Therefore, since aneurysmal pathology shares the same pathogenetic mechanisms (increased oxidative stress and angiogenic processes, dysregulation of smooth muscle cells, and increased destruction of the extracellular matrix), it is easy to understand how damage to the endothelial glycocalyx is strictly correlated to aneurysmal pathology [21] (Figure 5).

3. Syndecans and Their Role in Disease: What Is the Role in Aortic Aneurysm?

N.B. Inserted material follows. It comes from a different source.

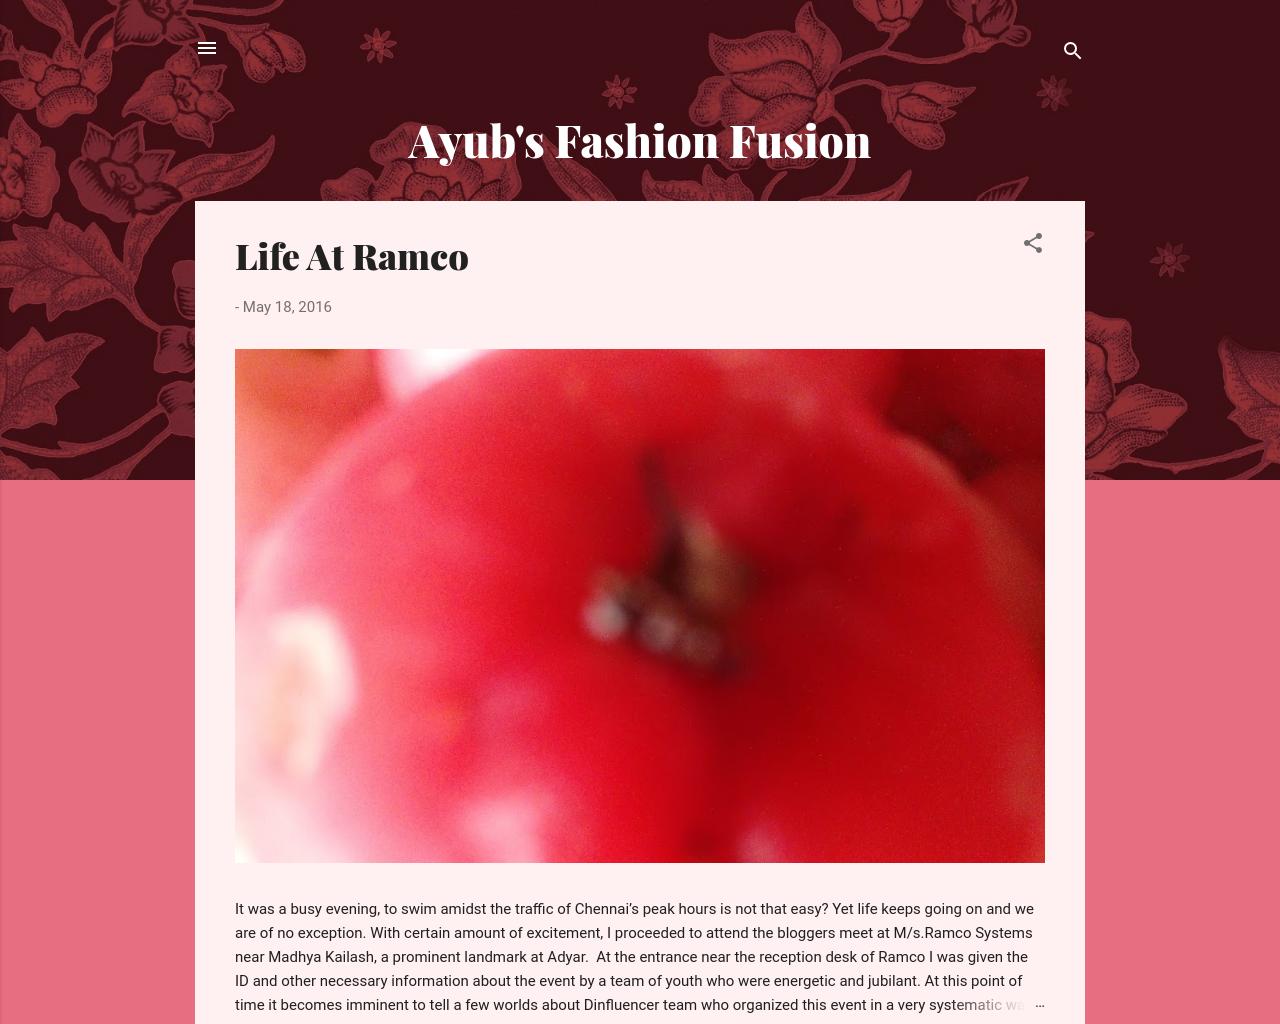 Ayub's Fashion Fusion

Emerging evidence demonstrated the contribution of eGCX, with pleiotropic roles, in the onset and progression of cardiovascular diseases (CVD), aneurysm included.
eGCX dysfunction is characterized by its degradation and has been observed to occur in diverse CVD, such as AA [28]; therefore, circulating levels of related eGCX degradation products have been proposed as CVD biomarkers. In addition to their role as diagnostic biomarkers, some eGCX fragments act as pathogenic factors in disease progression, thus representing potential prognostic biomarkers, leading to the development of pharmacological interventions and potential strategies to attenuate eGCX degradation or restore its integrity, maintaining endothelial health into adult life (Figure 6).
Among the eGCX degradation products, the syndecans (SDCs) and heparan sulfate proteoglycans (HSPGs) have attracted the attention of several researchers [29,30].
The components of the glycocalyx are glycoproteins with short acid oligosaccharides and terminal sialic acids (SAs), oligosaccharides and heparan sulfate proteoglycan (HSPGs), such as SDCs, and glycosaminoglycans (GAGs).
The SDCs family include four members, SDC-1, SDC-2, SDC-3, and SDC-4, consisting of a core protein modified by heparan sulfate (HS) chains.
Each SDC has defined expression patterns and functions in their respective target tissues. SDC3 is expressed in neuronal and musculoskeletal cells.
SDC-3 (N-SDC or neuronal SDC) is a transmembrane protein 442 amino acid long. Analysis of SDC-3 in experimental models of inflammation and AD showed that patients with AD overexpressed SDC-3, not only in the brain but also in the periphery. Consequently, SDC-3 could serve as a basis for the development of future AD diagnostics. Syndecans, core proteins of the endothelial glycocalyx, are a family composed of four cell surface proteoglycans (namely, syndecan-1, -2, -3, and -4).
Syndecans interact with a wide variety of molecules, including growth factors, cytokines, proteases, adhesion receptors, and extracellular matrix components, mainly via pendant glycosaminoglycans, such as heparine sulfate and chondroitin sulfate, which sequester and regulate the activity of heparin-binding growth factors, pro-inflammatory chemokines, and proteases [31,32].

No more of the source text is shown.